ACTIVITY>
Within the entries below, please retype exactly the lines starting with the line that has "Personnel Records of" and going on through the line that has "SM Middle qualification (26/09/2014)", but not the pictures.

SUPPLIED MATERIAL>
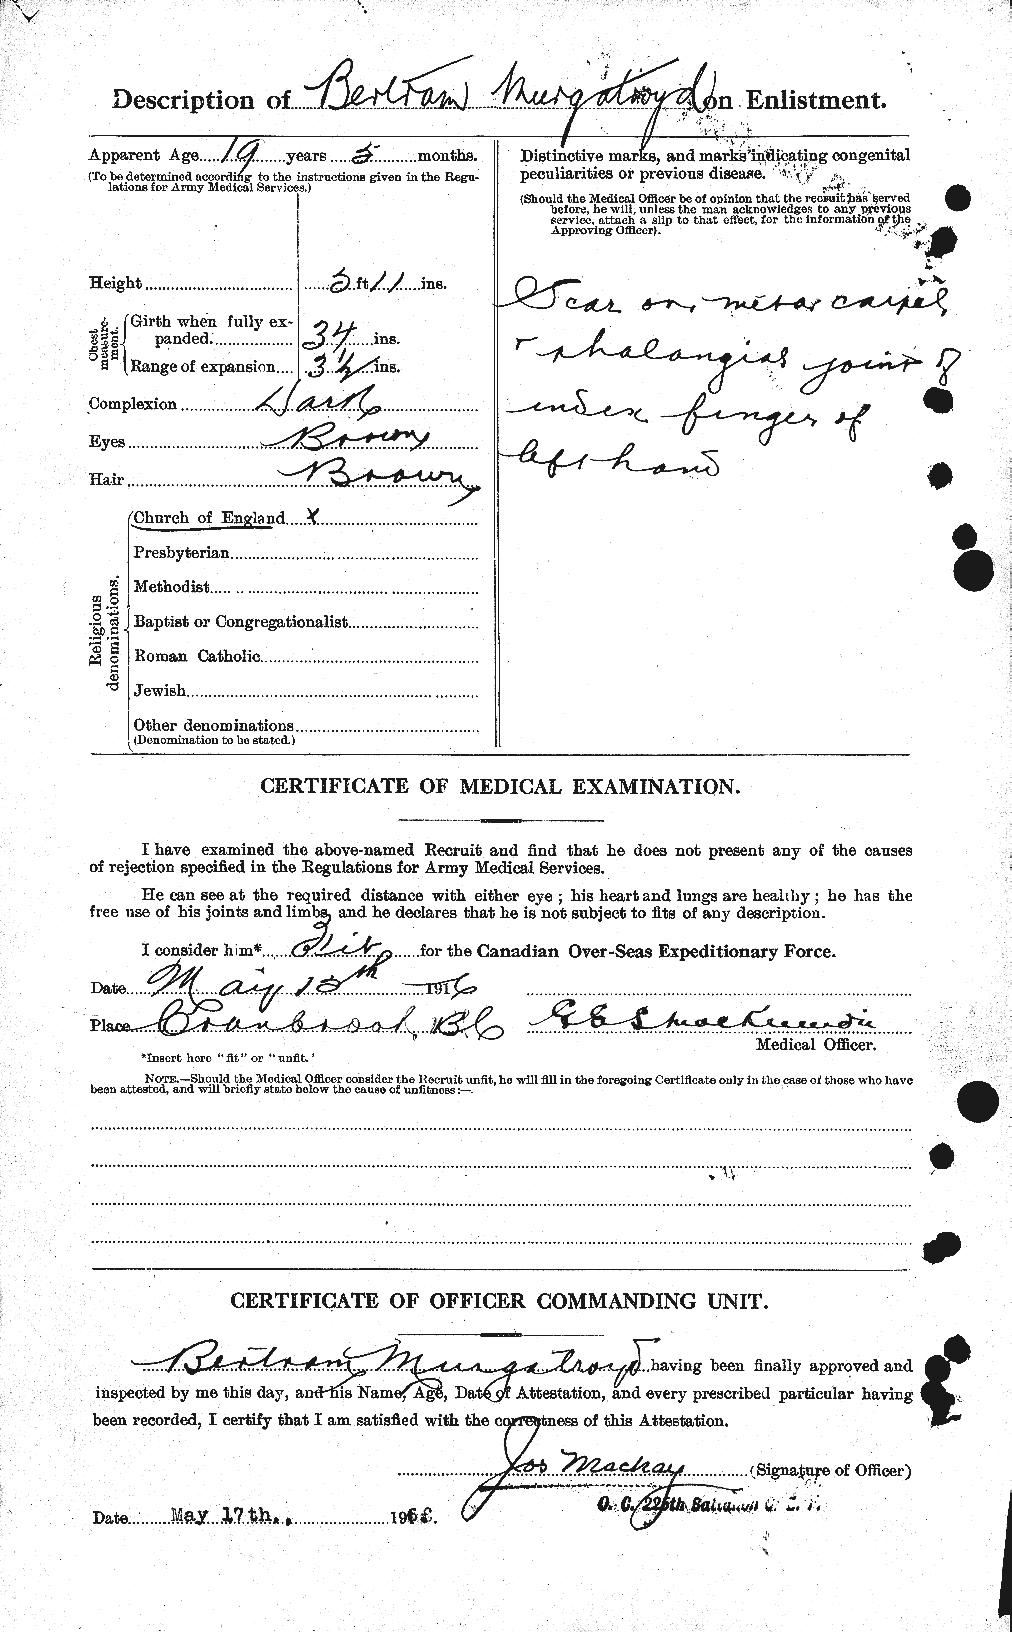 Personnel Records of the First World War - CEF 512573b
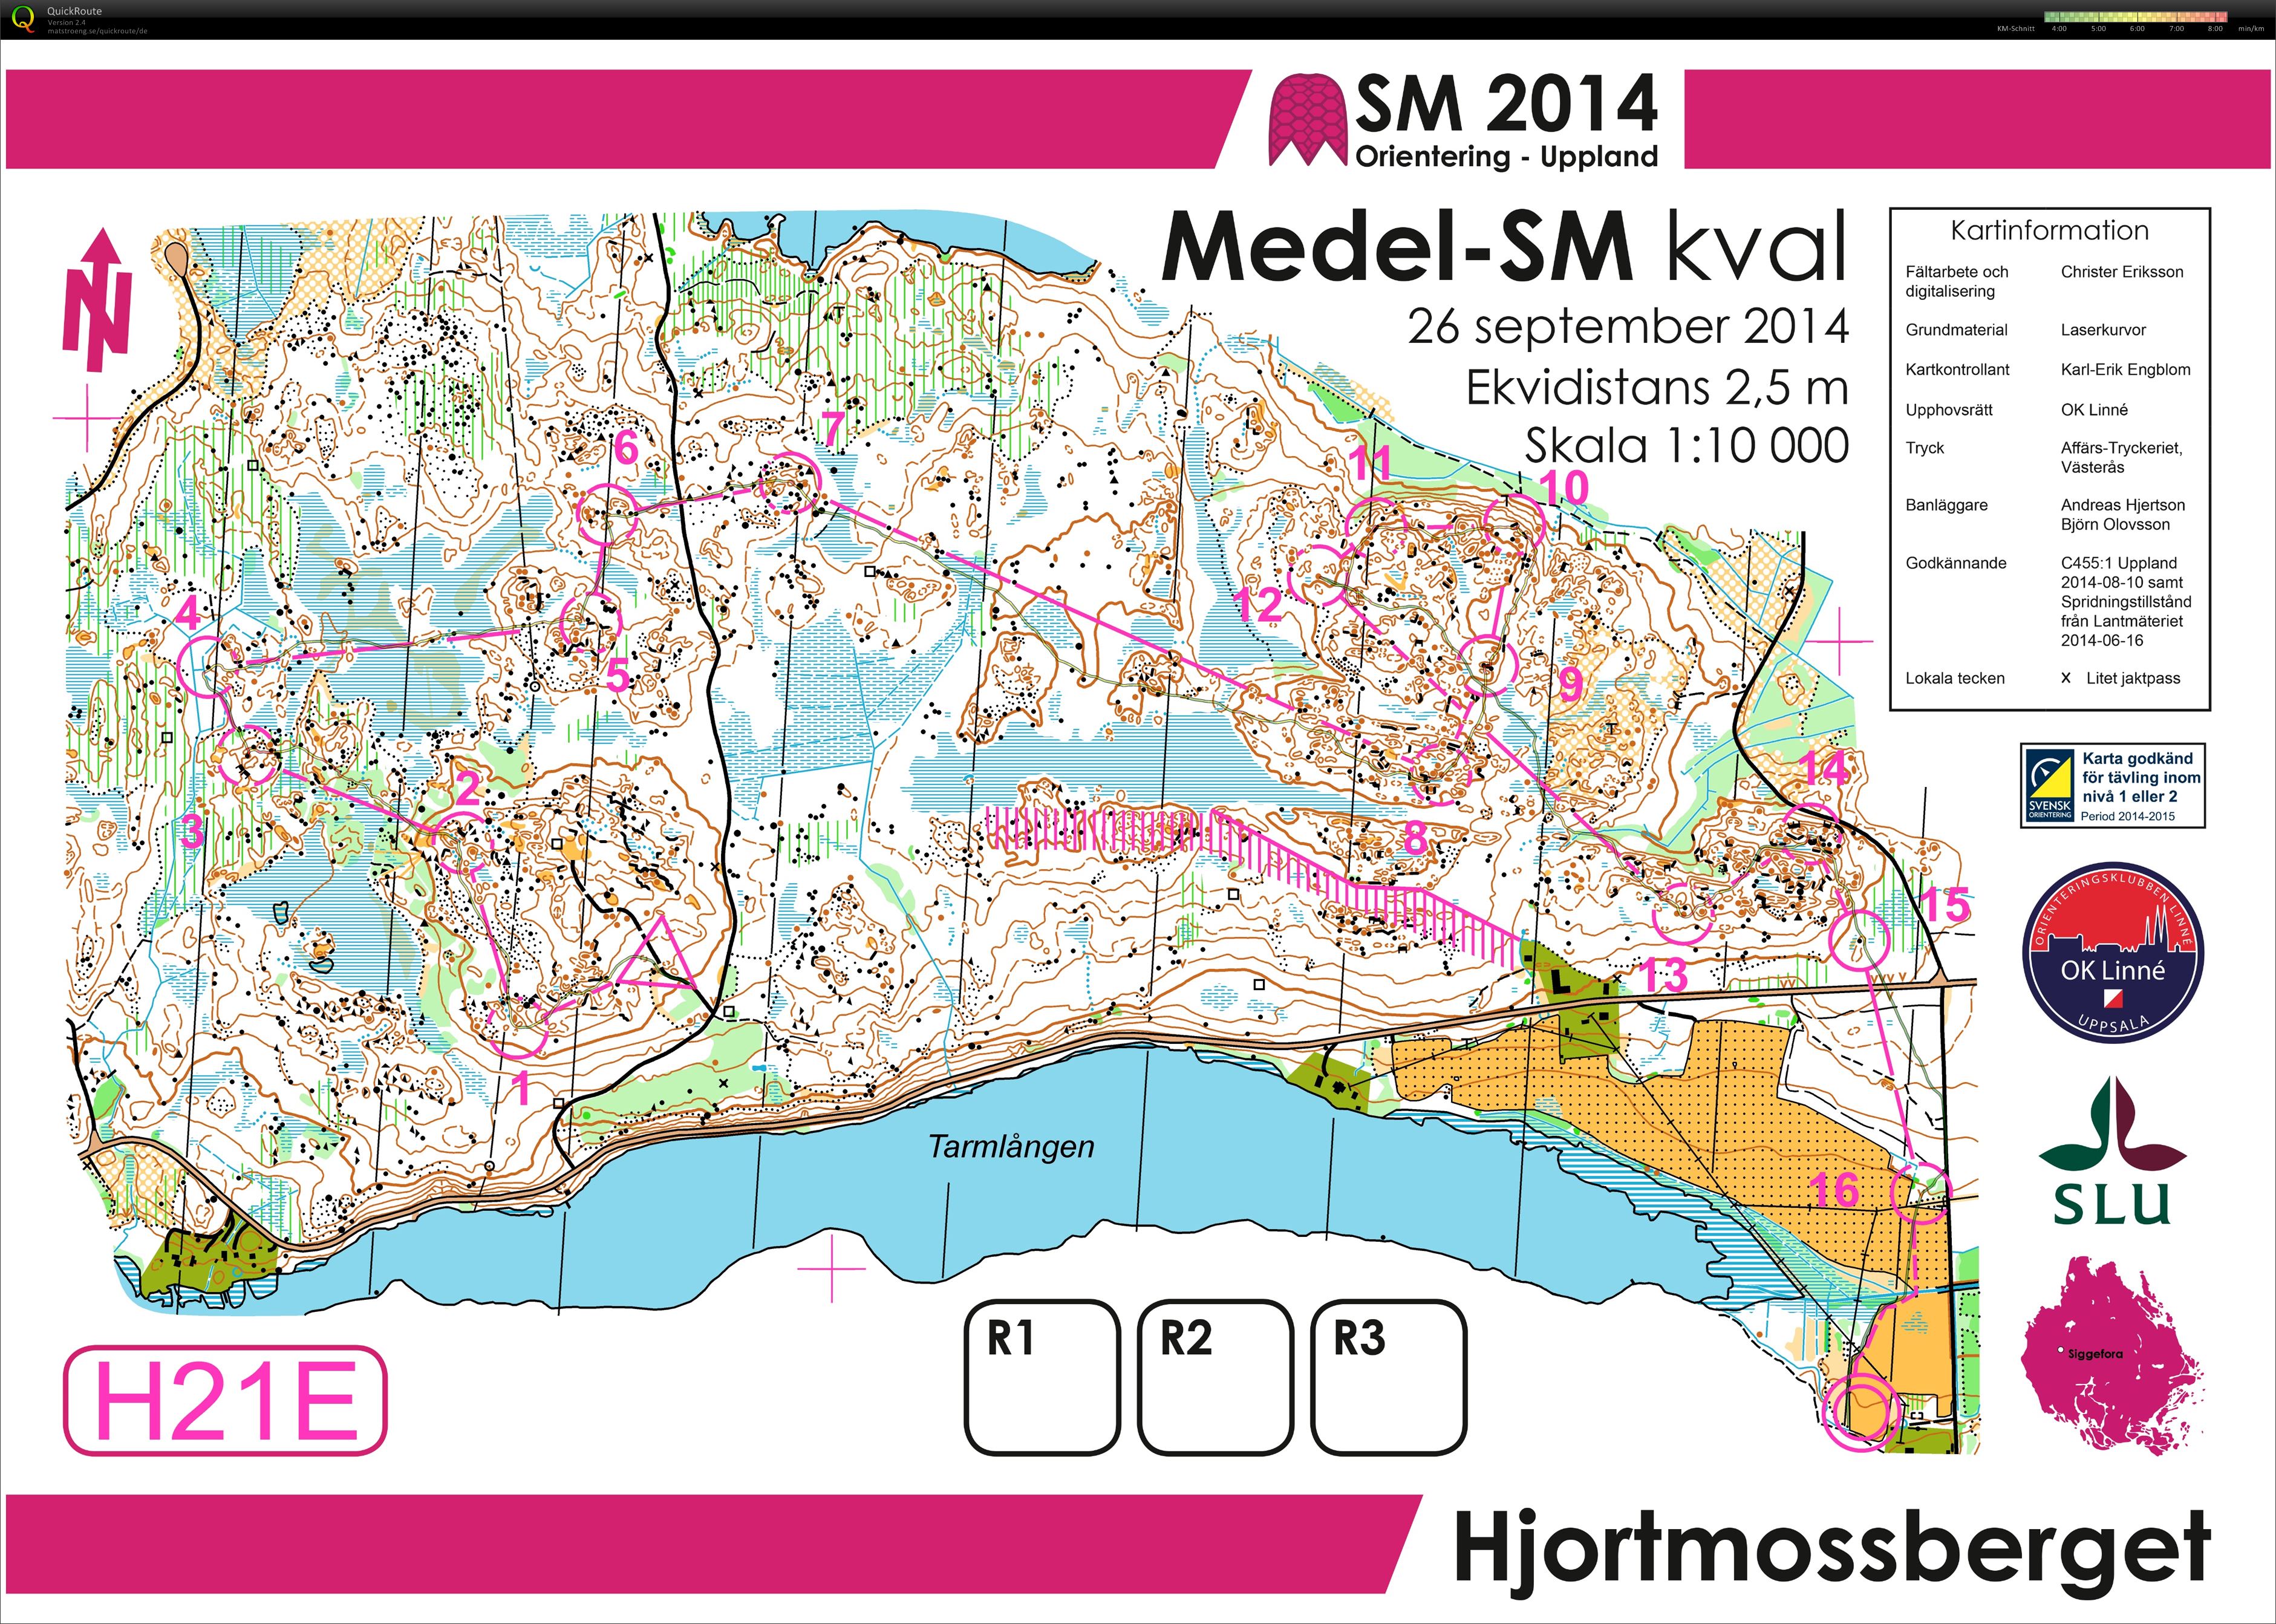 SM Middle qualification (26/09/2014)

---

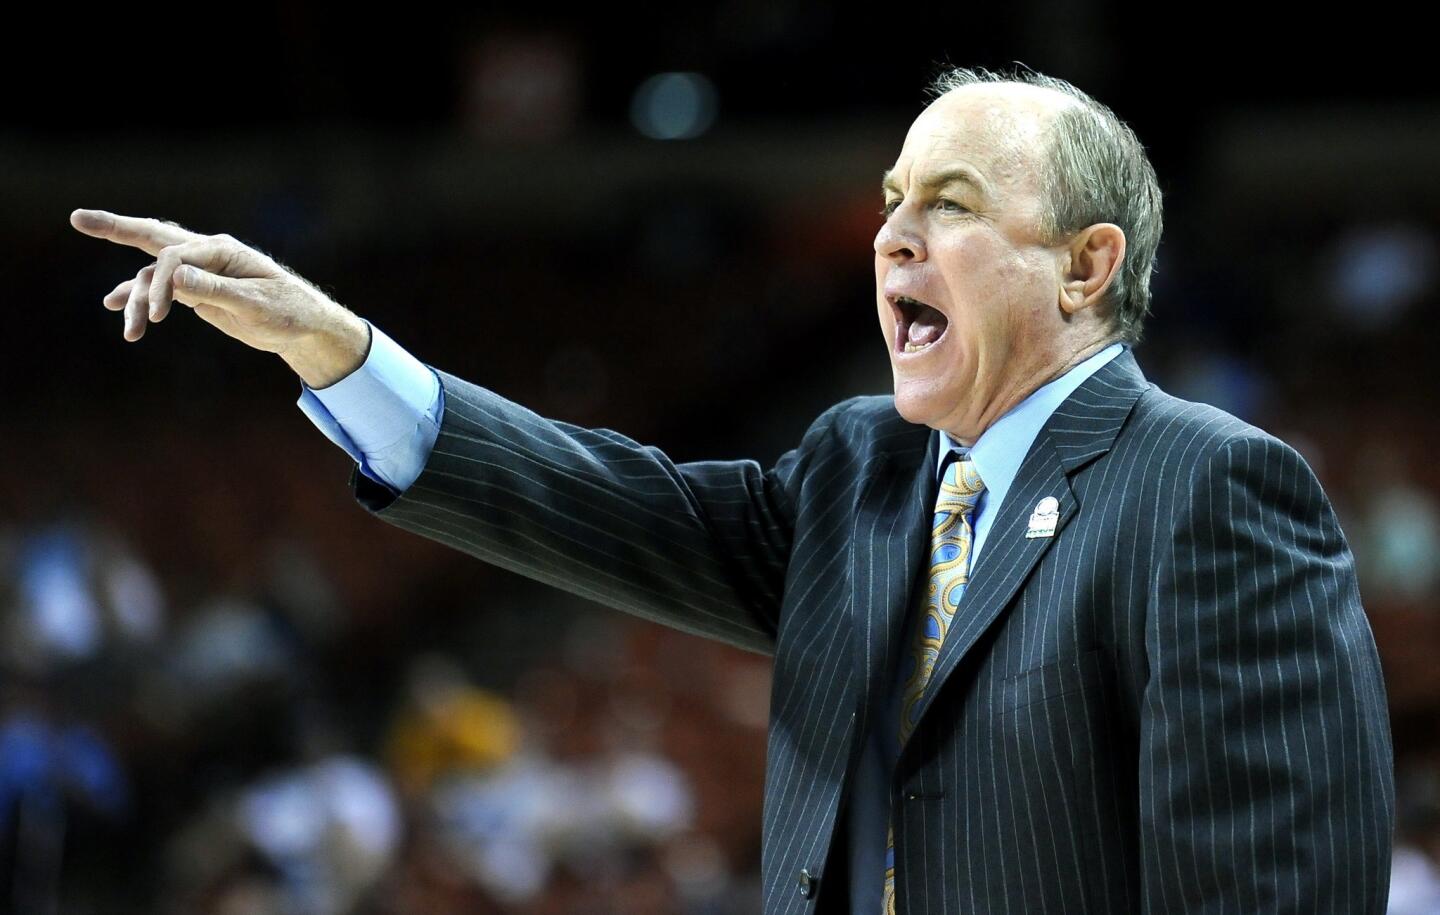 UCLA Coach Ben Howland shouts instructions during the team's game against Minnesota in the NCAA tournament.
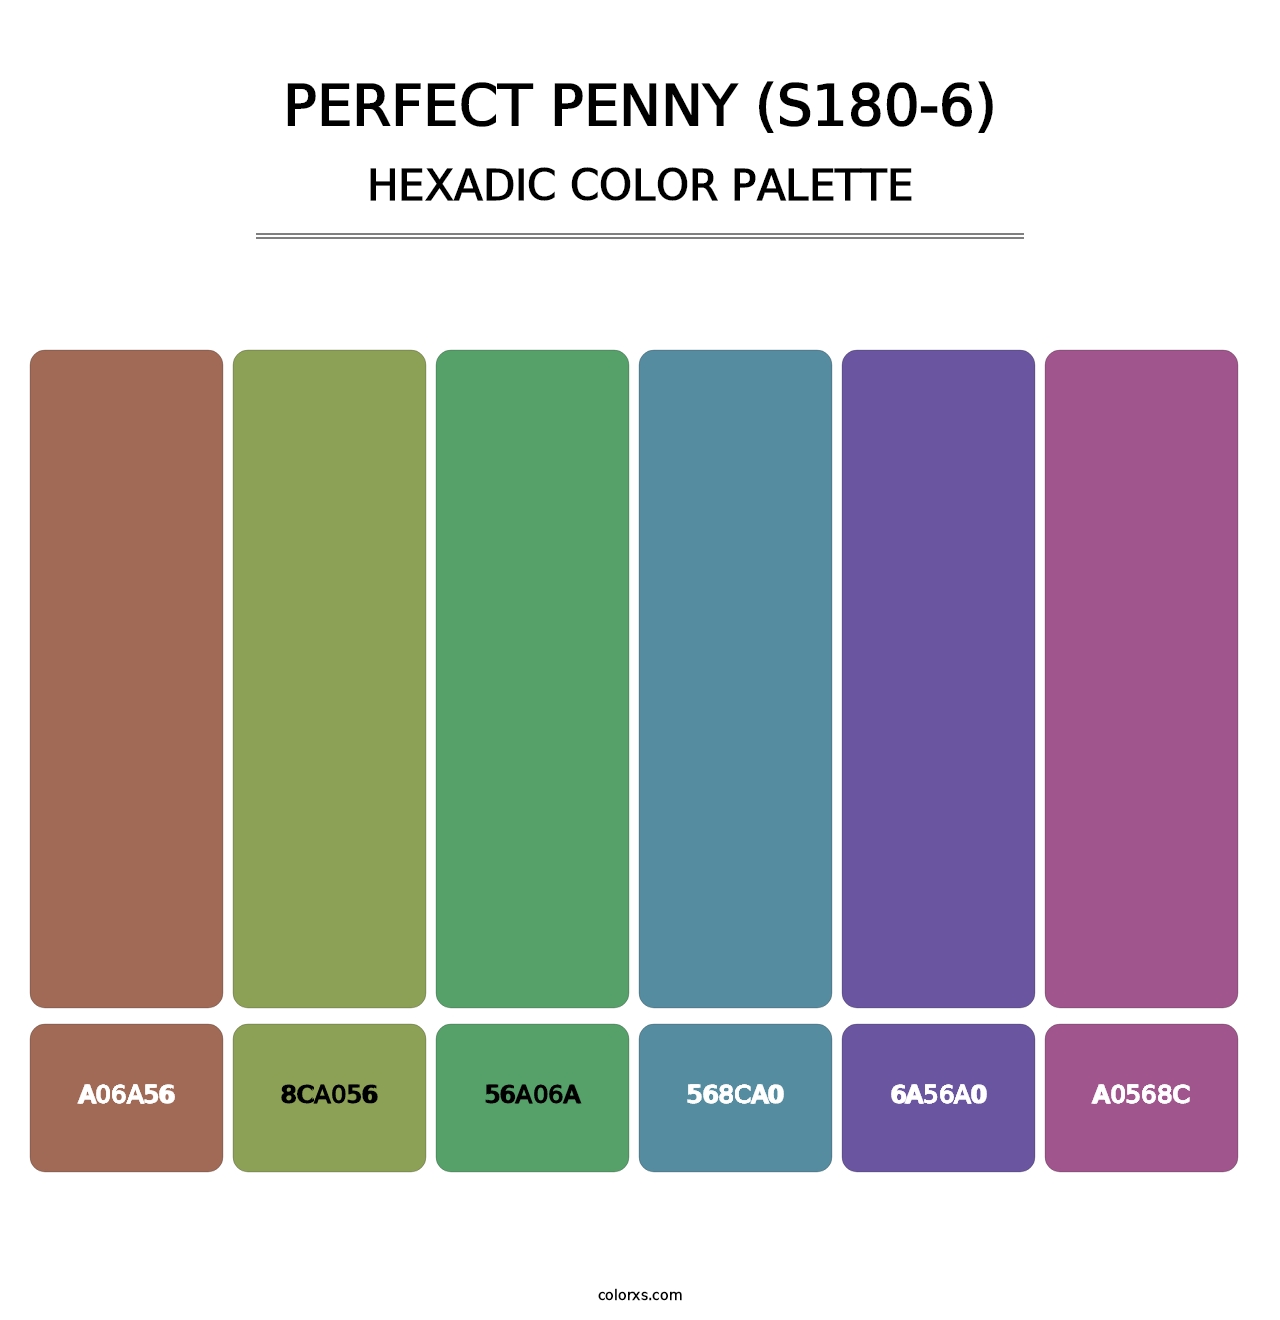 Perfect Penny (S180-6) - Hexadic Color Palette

TASK RESPONSE>
 Personnel Records of the First World War - CEF 512573b
 SM Middle qualification (26/09/2014)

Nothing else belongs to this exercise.